**Exercise requirements:** Would you please copy the part of the material below that opens with the line containing "Roll - Pastels" and closes with the line containing "Men Olive Printed"? Copy it exactly, and only it.

(Beginning of Provided data)

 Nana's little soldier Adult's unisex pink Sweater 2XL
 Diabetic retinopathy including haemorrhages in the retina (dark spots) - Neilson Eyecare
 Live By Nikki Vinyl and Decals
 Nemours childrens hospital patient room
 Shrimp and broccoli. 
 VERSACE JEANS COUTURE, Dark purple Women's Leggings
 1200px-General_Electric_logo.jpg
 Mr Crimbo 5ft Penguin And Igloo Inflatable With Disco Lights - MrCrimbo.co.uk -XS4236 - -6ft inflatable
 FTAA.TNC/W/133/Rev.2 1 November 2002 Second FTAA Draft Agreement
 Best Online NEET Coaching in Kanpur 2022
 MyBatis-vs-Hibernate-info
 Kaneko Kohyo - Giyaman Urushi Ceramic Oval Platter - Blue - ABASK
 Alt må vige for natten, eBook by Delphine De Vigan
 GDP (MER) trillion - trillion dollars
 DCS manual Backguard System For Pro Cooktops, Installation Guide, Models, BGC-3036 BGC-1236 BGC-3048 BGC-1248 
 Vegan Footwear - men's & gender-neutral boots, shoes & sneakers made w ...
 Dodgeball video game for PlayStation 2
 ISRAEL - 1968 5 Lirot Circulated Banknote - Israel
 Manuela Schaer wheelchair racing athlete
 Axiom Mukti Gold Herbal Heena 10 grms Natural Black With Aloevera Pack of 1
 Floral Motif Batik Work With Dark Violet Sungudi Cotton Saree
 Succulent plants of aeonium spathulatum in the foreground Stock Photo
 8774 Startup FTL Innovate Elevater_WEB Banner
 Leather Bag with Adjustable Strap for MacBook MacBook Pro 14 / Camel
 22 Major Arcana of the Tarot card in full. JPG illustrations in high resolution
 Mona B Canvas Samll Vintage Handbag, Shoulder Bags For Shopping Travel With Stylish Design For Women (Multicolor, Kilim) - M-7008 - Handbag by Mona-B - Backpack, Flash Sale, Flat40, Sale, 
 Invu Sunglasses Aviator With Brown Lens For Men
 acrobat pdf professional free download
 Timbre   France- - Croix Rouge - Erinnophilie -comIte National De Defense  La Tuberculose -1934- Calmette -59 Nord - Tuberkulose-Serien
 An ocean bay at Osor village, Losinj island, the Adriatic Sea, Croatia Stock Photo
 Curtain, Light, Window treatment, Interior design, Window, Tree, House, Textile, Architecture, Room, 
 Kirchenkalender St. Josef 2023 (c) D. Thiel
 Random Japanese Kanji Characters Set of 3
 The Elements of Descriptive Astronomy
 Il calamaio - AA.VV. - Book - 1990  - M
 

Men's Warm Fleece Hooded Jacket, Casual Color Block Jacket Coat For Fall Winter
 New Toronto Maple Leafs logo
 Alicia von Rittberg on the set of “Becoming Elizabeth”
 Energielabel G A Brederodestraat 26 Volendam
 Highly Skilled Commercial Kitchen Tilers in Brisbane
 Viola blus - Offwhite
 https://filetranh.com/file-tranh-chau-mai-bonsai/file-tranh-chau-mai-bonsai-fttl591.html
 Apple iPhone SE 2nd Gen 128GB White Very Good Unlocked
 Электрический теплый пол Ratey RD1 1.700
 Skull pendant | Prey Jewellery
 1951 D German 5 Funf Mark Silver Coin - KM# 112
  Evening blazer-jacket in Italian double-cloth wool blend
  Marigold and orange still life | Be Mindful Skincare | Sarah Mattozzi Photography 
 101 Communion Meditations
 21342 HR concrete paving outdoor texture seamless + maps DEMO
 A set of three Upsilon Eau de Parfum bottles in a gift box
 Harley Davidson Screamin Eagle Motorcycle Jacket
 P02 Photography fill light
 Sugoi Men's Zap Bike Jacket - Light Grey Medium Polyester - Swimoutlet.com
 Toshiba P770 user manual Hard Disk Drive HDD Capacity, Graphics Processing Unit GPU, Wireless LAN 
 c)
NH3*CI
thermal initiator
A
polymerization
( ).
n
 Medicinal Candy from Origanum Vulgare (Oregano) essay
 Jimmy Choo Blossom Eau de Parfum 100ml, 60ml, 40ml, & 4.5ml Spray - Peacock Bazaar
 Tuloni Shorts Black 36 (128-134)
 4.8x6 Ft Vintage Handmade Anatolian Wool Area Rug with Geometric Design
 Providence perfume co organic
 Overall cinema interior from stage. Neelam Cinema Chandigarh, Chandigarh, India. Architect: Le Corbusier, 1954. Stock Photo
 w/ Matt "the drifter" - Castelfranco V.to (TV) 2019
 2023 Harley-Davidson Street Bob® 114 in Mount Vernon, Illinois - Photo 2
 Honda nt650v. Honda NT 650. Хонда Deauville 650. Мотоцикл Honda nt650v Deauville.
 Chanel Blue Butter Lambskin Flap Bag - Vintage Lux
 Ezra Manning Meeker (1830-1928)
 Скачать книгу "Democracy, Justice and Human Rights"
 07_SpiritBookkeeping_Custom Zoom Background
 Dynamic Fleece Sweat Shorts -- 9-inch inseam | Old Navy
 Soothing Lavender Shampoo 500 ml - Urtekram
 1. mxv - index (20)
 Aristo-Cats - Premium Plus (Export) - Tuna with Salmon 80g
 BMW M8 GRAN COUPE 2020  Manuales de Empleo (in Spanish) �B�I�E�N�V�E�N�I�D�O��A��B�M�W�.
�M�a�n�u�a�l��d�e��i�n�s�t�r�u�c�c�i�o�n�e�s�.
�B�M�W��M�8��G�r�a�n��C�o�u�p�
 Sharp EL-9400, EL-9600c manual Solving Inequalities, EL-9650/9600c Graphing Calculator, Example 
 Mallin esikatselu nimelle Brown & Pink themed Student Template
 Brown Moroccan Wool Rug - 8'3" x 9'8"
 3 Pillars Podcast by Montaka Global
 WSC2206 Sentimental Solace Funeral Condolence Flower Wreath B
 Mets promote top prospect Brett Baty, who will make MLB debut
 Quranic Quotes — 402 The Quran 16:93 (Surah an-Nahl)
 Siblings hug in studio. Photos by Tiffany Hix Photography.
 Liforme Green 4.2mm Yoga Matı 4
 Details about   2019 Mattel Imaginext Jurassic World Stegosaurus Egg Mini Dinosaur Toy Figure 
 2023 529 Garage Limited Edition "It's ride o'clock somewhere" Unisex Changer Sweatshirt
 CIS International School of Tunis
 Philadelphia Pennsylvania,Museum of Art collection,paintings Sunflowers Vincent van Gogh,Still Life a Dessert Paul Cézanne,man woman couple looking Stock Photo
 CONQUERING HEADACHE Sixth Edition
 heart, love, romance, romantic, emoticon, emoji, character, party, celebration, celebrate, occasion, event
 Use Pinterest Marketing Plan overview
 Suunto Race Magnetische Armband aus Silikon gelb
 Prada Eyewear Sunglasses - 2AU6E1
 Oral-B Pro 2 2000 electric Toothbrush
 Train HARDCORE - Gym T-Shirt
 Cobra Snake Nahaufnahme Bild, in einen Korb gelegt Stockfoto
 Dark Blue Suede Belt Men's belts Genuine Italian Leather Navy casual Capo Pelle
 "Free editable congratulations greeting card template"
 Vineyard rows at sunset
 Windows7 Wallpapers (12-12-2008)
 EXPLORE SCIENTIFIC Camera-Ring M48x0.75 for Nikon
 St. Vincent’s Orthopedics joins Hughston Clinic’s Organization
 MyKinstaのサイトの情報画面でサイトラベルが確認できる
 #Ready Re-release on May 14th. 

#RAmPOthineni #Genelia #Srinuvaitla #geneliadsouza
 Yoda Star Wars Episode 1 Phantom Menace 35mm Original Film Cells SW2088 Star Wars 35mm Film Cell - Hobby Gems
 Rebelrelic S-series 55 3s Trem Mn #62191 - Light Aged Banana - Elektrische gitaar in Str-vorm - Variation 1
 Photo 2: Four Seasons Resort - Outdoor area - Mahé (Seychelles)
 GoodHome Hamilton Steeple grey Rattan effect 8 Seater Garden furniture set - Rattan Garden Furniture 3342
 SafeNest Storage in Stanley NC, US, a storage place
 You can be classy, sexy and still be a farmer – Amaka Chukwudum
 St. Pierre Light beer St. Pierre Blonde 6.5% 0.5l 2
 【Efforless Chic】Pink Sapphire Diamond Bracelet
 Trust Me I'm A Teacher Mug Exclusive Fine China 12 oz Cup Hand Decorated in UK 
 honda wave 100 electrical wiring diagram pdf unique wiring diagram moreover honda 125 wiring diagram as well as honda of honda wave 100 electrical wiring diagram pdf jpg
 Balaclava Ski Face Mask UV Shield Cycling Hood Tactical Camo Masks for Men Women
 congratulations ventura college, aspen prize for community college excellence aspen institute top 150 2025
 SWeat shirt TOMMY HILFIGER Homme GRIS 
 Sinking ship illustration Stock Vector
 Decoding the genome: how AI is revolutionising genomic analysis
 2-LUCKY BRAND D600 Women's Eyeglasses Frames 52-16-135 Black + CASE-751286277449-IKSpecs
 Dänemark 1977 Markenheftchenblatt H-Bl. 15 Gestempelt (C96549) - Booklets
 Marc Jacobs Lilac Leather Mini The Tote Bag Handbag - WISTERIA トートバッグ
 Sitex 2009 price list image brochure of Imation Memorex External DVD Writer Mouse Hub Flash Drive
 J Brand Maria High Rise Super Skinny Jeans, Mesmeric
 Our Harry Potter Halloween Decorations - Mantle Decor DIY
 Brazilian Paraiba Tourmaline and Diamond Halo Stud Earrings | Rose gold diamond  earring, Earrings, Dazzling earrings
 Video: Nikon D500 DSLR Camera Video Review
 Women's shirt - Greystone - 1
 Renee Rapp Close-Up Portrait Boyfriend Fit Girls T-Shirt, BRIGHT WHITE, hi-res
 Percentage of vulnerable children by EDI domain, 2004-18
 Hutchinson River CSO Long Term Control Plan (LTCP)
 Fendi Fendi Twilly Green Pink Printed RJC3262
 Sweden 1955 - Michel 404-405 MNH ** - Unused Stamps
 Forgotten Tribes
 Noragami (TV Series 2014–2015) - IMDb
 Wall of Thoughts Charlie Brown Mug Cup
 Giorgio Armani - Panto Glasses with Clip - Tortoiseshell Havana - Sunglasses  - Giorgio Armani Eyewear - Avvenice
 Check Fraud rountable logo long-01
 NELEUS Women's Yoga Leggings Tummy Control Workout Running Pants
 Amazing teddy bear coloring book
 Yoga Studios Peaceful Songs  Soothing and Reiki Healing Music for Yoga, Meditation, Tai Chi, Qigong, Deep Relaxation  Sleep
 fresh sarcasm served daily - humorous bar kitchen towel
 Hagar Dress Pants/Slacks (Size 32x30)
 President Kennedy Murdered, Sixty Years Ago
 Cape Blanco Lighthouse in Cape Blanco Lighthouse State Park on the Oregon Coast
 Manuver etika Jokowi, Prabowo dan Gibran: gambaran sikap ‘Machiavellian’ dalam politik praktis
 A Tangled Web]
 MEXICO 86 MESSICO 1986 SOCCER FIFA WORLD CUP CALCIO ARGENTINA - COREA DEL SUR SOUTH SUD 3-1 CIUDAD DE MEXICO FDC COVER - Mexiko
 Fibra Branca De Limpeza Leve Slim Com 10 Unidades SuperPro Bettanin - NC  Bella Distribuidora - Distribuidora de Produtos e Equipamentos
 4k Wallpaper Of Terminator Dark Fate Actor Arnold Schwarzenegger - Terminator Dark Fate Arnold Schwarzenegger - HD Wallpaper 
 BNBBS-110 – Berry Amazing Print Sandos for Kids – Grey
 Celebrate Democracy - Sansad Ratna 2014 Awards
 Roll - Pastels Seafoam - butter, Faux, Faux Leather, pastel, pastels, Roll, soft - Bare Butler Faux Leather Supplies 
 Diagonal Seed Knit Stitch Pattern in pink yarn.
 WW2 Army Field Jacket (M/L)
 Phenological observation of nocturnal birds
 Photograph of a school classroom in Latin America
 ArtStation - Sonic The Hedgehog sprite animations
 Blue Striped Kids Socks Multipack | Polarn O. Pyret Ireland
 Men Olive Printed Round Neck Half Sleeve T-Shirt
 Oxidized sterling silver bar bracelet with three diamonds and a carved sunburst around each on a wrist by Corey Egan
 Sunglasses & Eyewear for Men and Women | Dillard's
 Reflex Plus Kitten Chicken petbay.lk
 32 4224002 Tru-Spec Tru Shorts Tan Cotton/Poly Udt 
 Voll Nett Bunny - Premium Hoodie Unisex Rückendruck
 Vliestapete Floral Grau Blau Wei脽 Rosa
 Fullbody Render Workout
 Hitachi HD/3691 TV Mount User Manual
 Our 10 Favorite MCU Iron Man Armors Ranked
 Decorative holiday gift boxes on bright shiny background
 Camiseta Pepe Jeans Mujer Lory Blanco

(End of Provided data)

**Output for this exercise:**
 Roll - Pastels Seafoam - butter, Faux, Faux Leather, pastel, pastels, Roll, soft - Bare Butler Faux Leather Supplies 
 Diagonal Seed Knit Stitch Pattern in pink yarn.
 WW2 Army Field Jacket (M/L)
 Phenological observation of nocturnal birds
 Photograph of a school classroom in Latin America
 ArtStation - Sonic The Hedgehog sprite animations
 Blue Striped Kids Socks Multipack | Polarn O. Pyret Ireland
 Men Olive Printed Round Neck Half Sleeve T-Shirt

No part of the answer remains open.